I suppose it should also be noted that ml array operations are not
raw, like `table.*` functions are.

Maybe ml.count_keys should be ml.kcount or just ml.count, analogous to
naming conventions like in ml.imap and `ipairs/pairs`.  Like Dirk
mentioned, "subset/countset/equalset" are more obvious to me than
"*_keys" since these will *usually* be used for sets.  It may be
mentioned in the tutorial that `if next(t)` or `if next(t) ~= nil` has
been one idiom to test for empty set.  Another idiom: `not not o ==
ml.truth(o)`.

The docs could mention that ml.collect works only on stateful
iterators and collects the first value.  ml.collect(pairs{1,2,3})
would fail.

TODO: Add precise semantics/tests of ml.split.  ml.split(s, '') can be
ambiguous but presently has the Python, not Perl, behavior.  The
obscure case ml.split("asdfsadf", '.-') hangs, unlike Python.

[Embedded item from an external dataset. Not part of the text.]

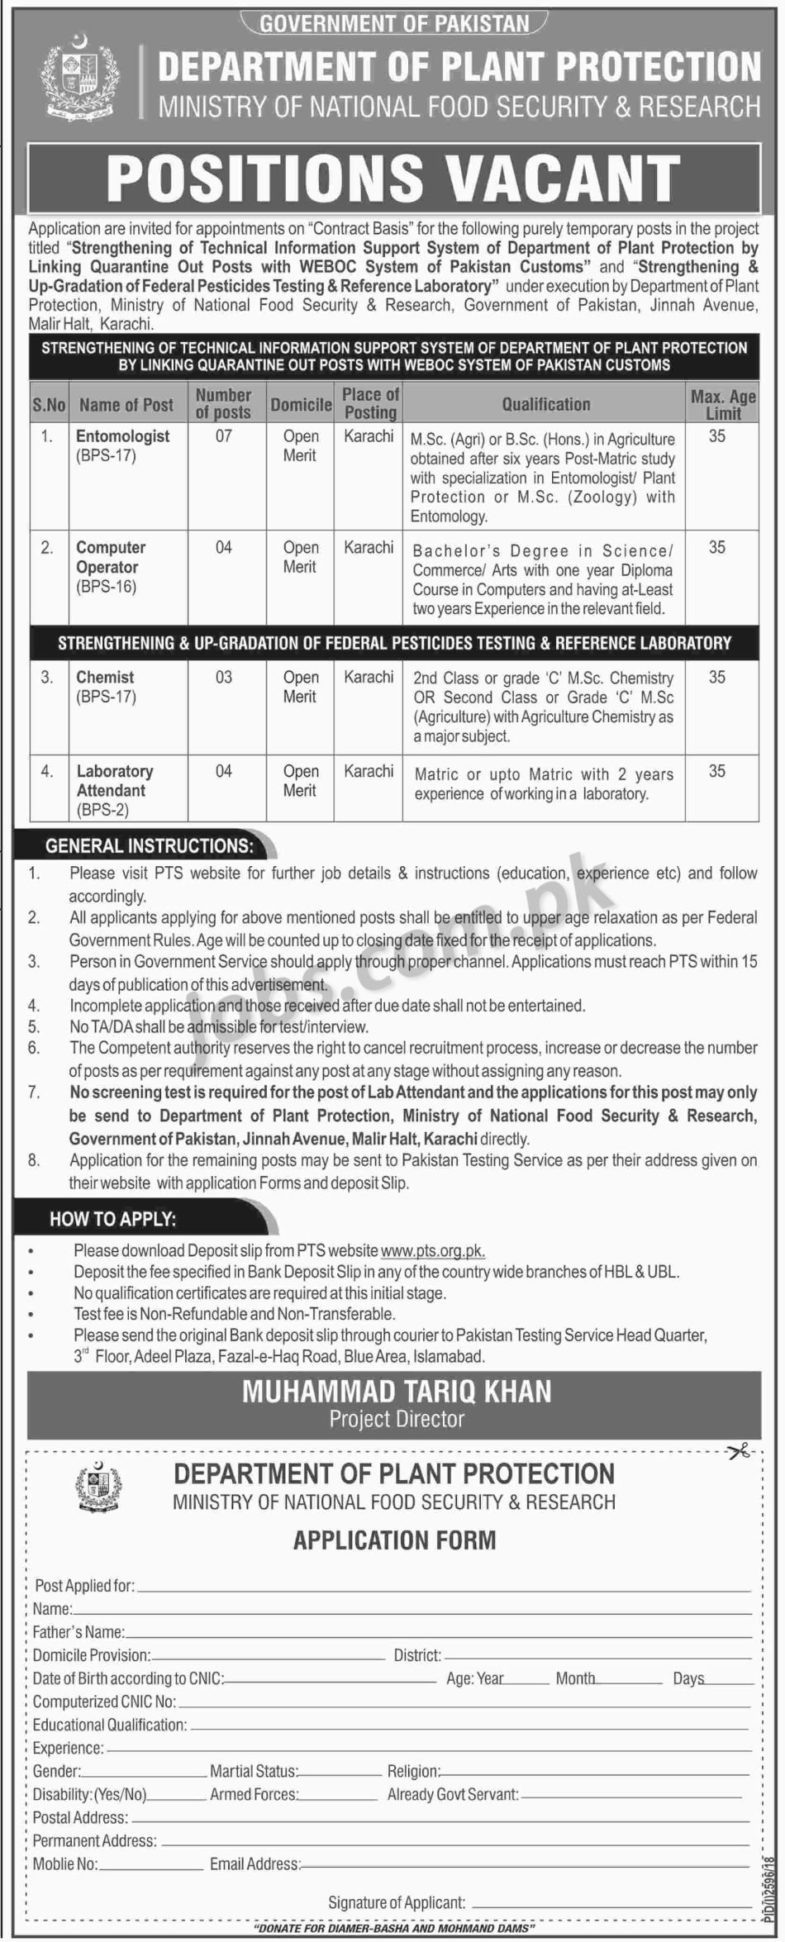 Ministry of National Food Security & Research Pakistan Jobs 2019 for 18+ Computer Operators, Agri, Chemist & Lab Staff (Download PTS Form)

> An interesting question I've been discussing with Vadim; tstring
> should be as correct as possible, as long as it remains a simple
> robust debugging/light serialization tool.

These things were probably discussed at length before, but my
experience is to often want a dumper for debugging and occasionally
for basic serialization.  Rarely are cycles needed for basic
serialization (e.g. they are not in json or XML), but I may want them
for debugging since they can occur in memory (intentionally or
accidentally).  Therefore, if we're talking about covering 95% of use
cases, I think Perl's Data::Dumper default is reasonable:

perl -E 'use Data::Dumper; $t = []; $t->[0]=[$t], $t->[1]=$t->[0];
print Dumper($t)'

        $VAR1 = [
          [
            $VAR1
          ],
          $VAR1->[0]
        ];

  Quote: "The default output of self-referential structures can be
evaled, but the nested references to $VARn will be undefined, since a
recursive structure cannot be constructed using one Perl statement.
You should set the Purity flag to 1 to get additional statements that
will correctly fill in these references." -- [2]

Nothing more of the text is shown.